1: If all the numbers are positive, we can just use two pointers way:

bool checkSubarraySum(vector<int>& array, int target) {
  int sum = 0;
  int i = 0, j = 0;
  while(i < array.size()) {
    sum += array[i];
    while(j < i && sum > target) {
      sum -= array[j];
      j++;
    }
    if(target == sum) return true;
    i++;
  }
  return false;
}

2: if there is any negative numbers, can't use this way anymore, instead, we need to dynamic programming idea.
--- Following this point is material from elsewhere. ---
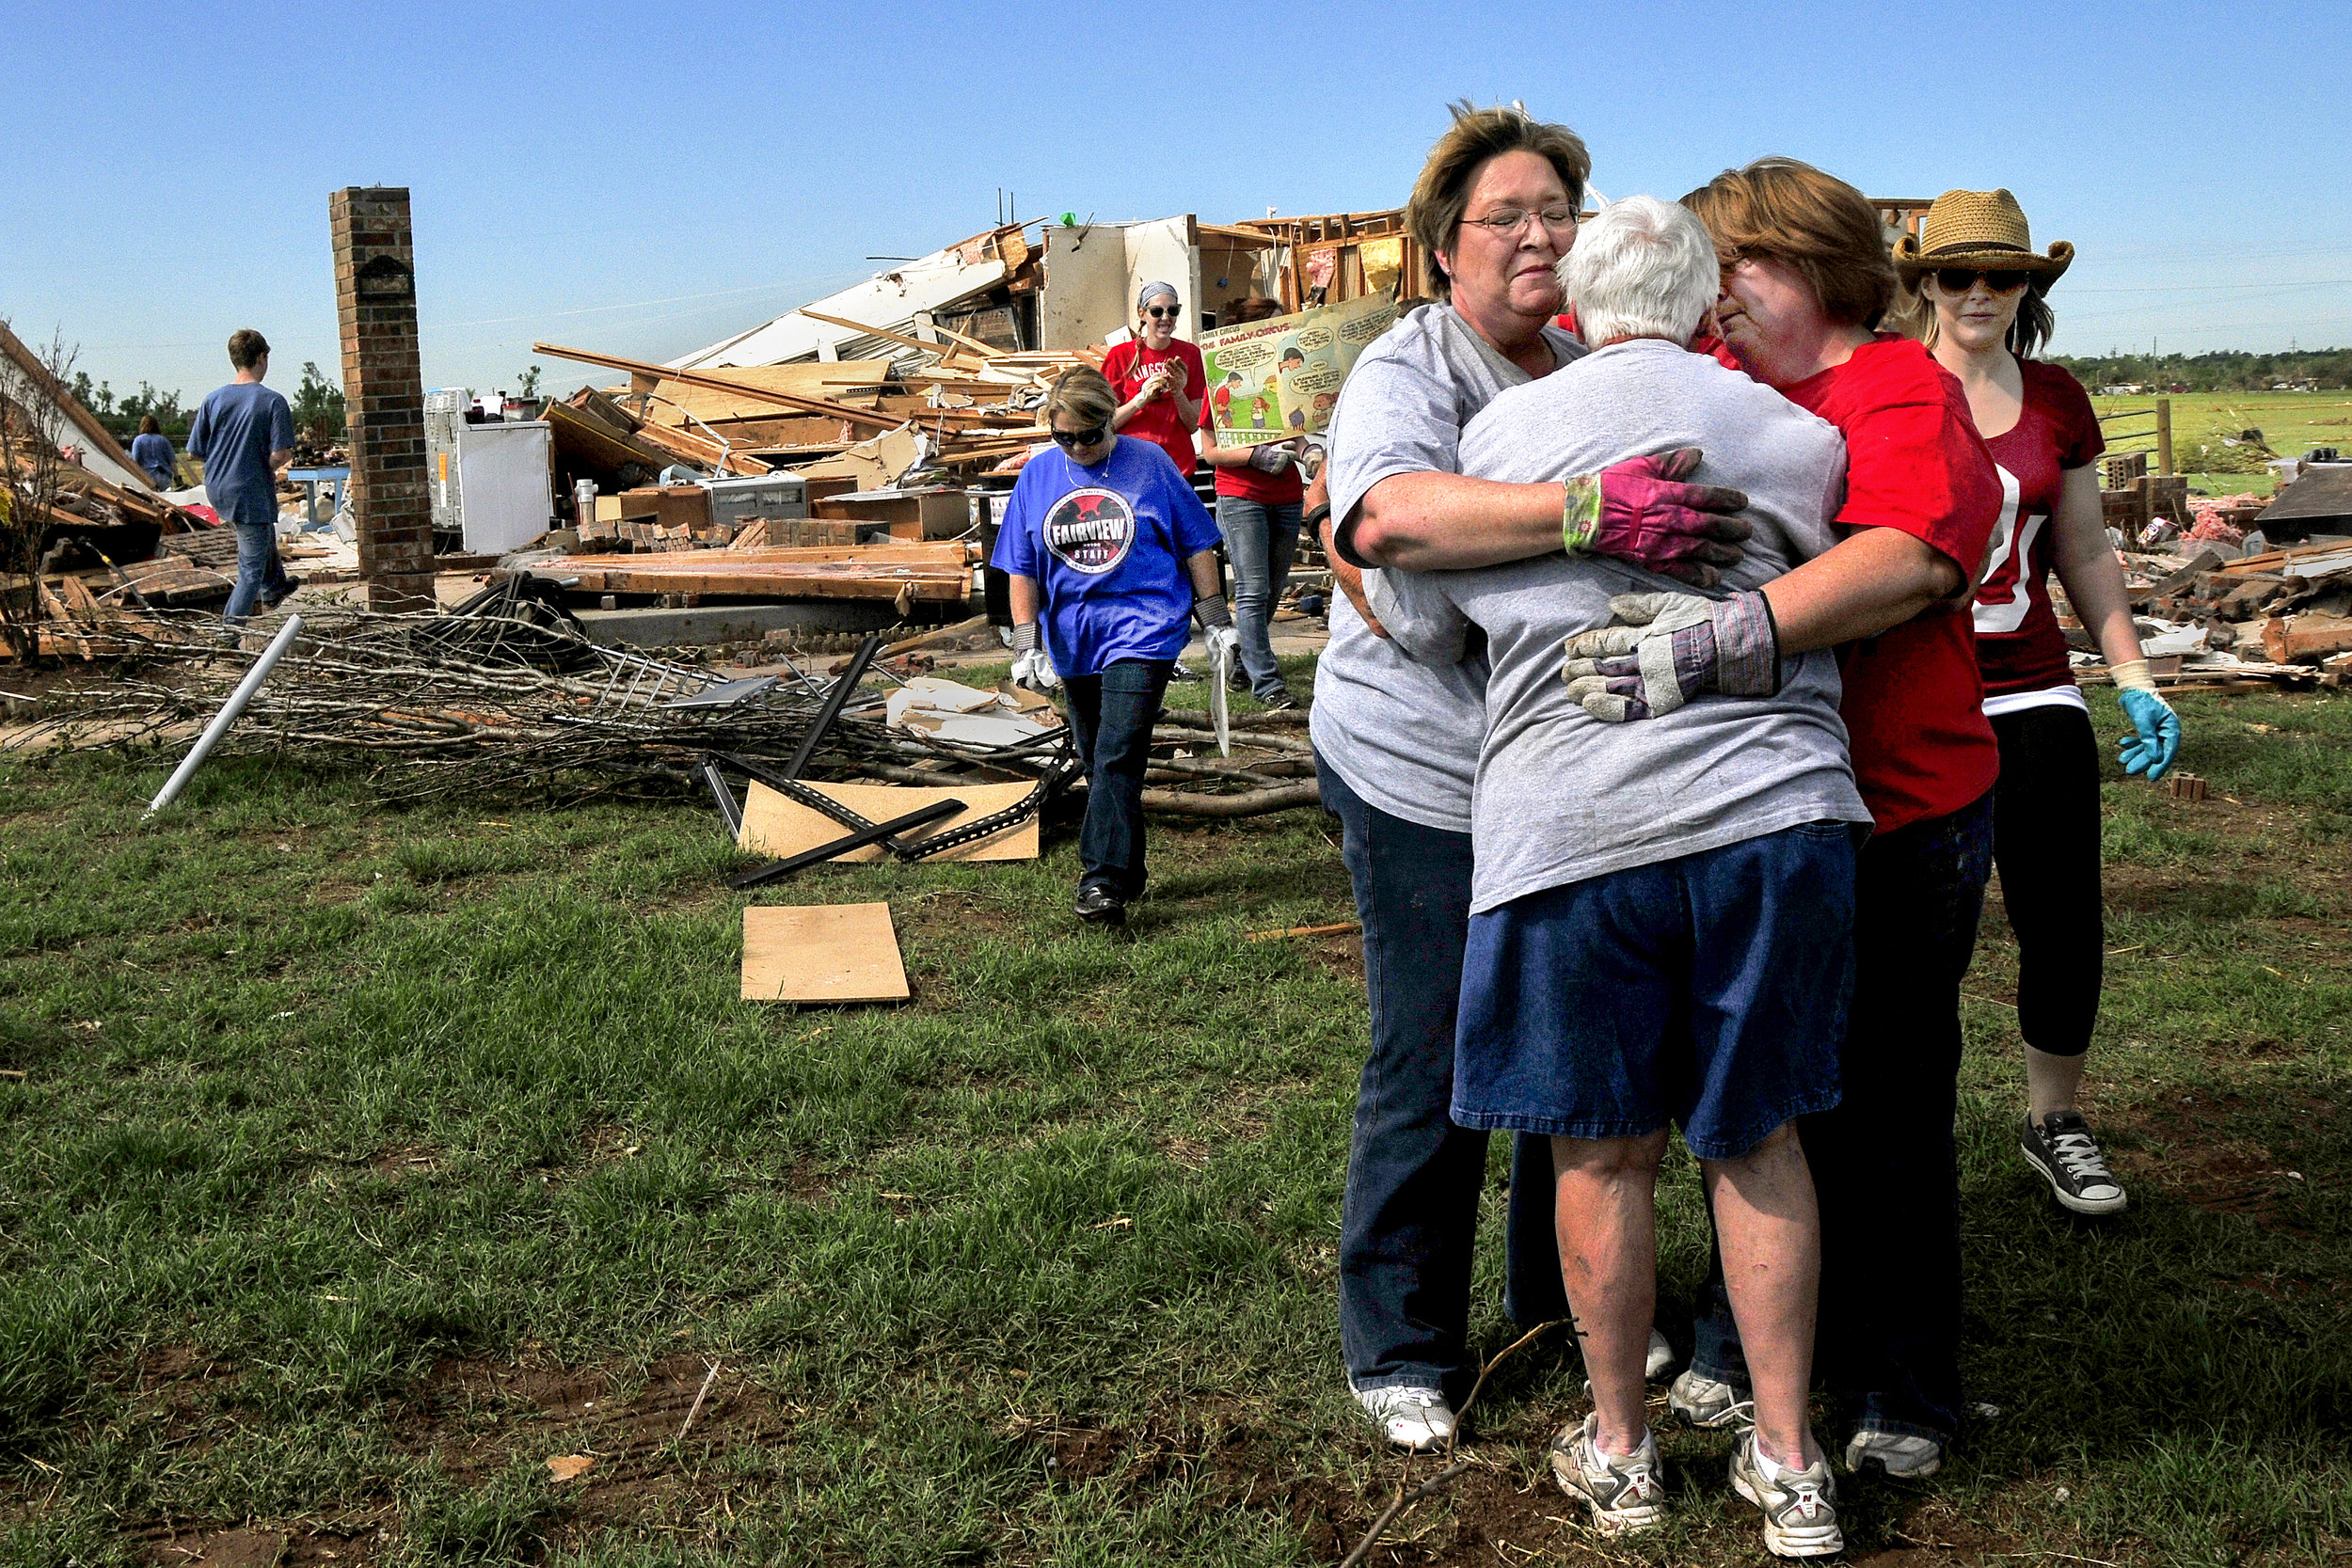  Teachers from Fairview Elementary school embrace former school counselor Kay Johnson, center, in front of her home in a neighborhood that was in the direct path of Mondays Tornado on Wednesday May, 22 in South Oklahoma City just west of Moore. The p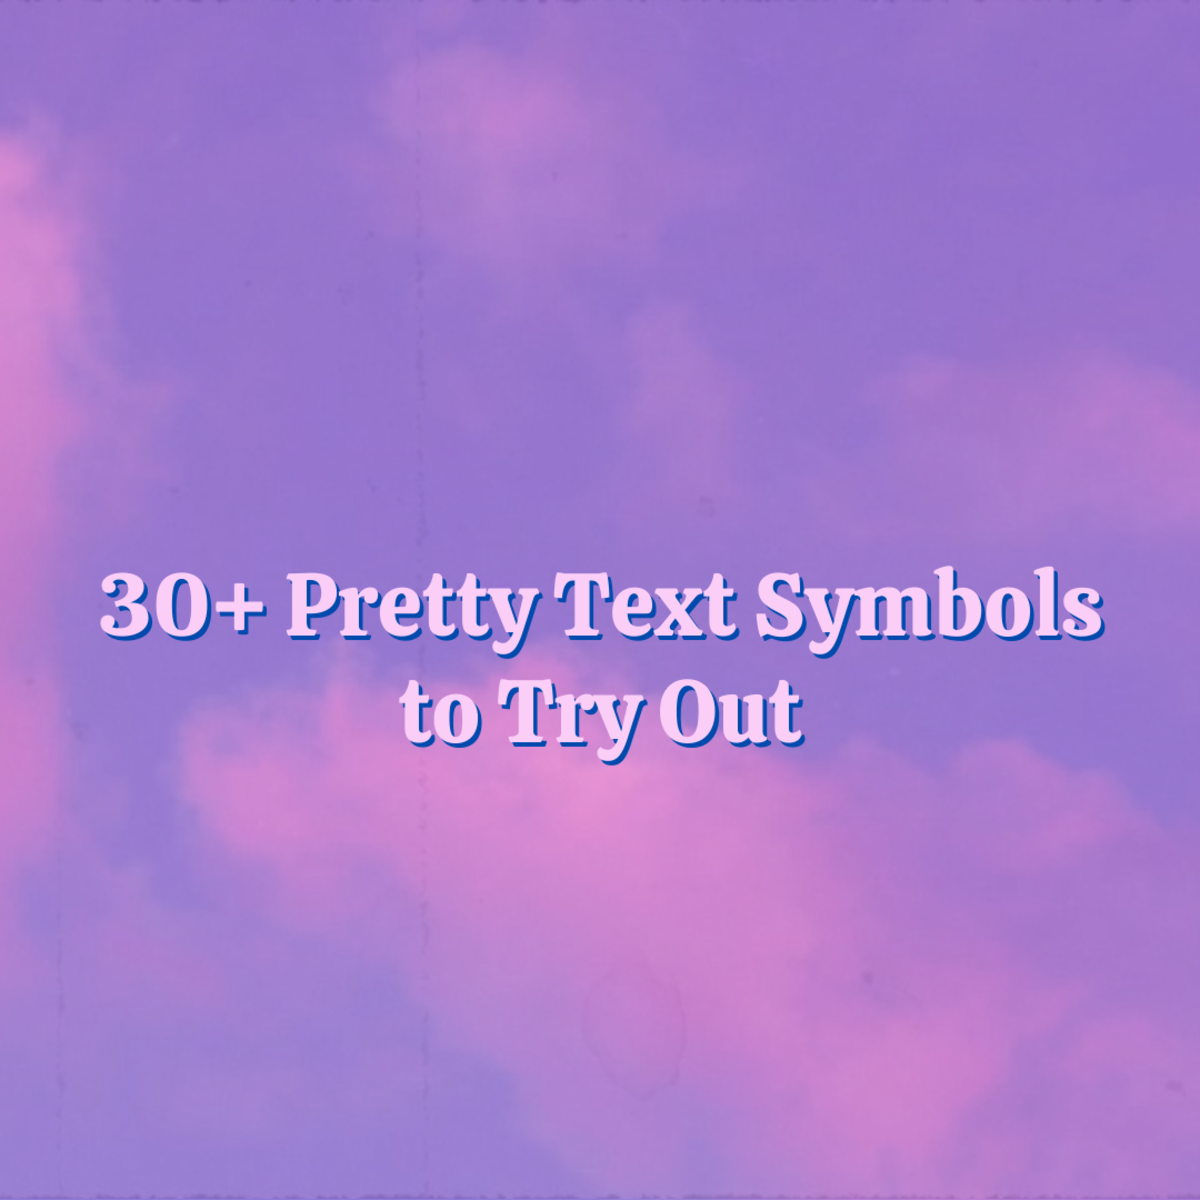 In this guide, we'll take a look at lots of pretty text symbols for you to try out!

bool checkSubarraySumWithNegative(vector<int>& array, int target) {
  for(int i = 1; i < array.size(); ++i) {
    array[i] += array[i-1];
  }
  set<int> sums;
  sums.insert(0);
  for(int i = 0; i < array.size(); ++i) {
    if(sums.count(target - array[i])) return true;
    sums.insert(array[i]);
  }
  return false;
}

It can be further extended into a 2d array.

// now, extend it to a 2d array. check if there is any rectangle that sums to a given target.
bool checkMatrix(vector< vector<int> >& matrix, int target) {
  for(int i = 1; i < matrix.size(); ++i) {
    matrix[i][0] += matrix[i-1][0];
  }
  for(int j = 1; j < matrix[0].size(); ++j) {
    matrix[0][j] += matrix[0][j-1];
  }
  for(int i = 1; i < matrix.size(); ++i) {
    for(int j = 1; j < matrix[0].size(); ++j) {
      matrix[i][j] += matrix[i-1][j] + matrix[i][j-1] - matrix[i-1][j-1];
    }
  }
  set<int> data; data.insert(0);
  for(int i = 0; i < matrix.size(); ++i) {
    for(int j = 0; j < matrix[0].size(); ++j) {
      if(data.count(target - matrix[i][j])) return true;
      data.insert(matrix[i][j]);
    }
  }
  return false;
}

One more variation:

Given an array of random integers, find subarray such that sum of elements in the element is divisible by K.

Suppse we have an array A[i] + A[i+1] + A[i+2].... =A[j] = target % k == 0

That is to say, (A[0] + A[1] + ... A[i-1]) % k = (A[0] + A[1] + A[2] .... A[j]) % k. We can use hash table to solve it as question 2.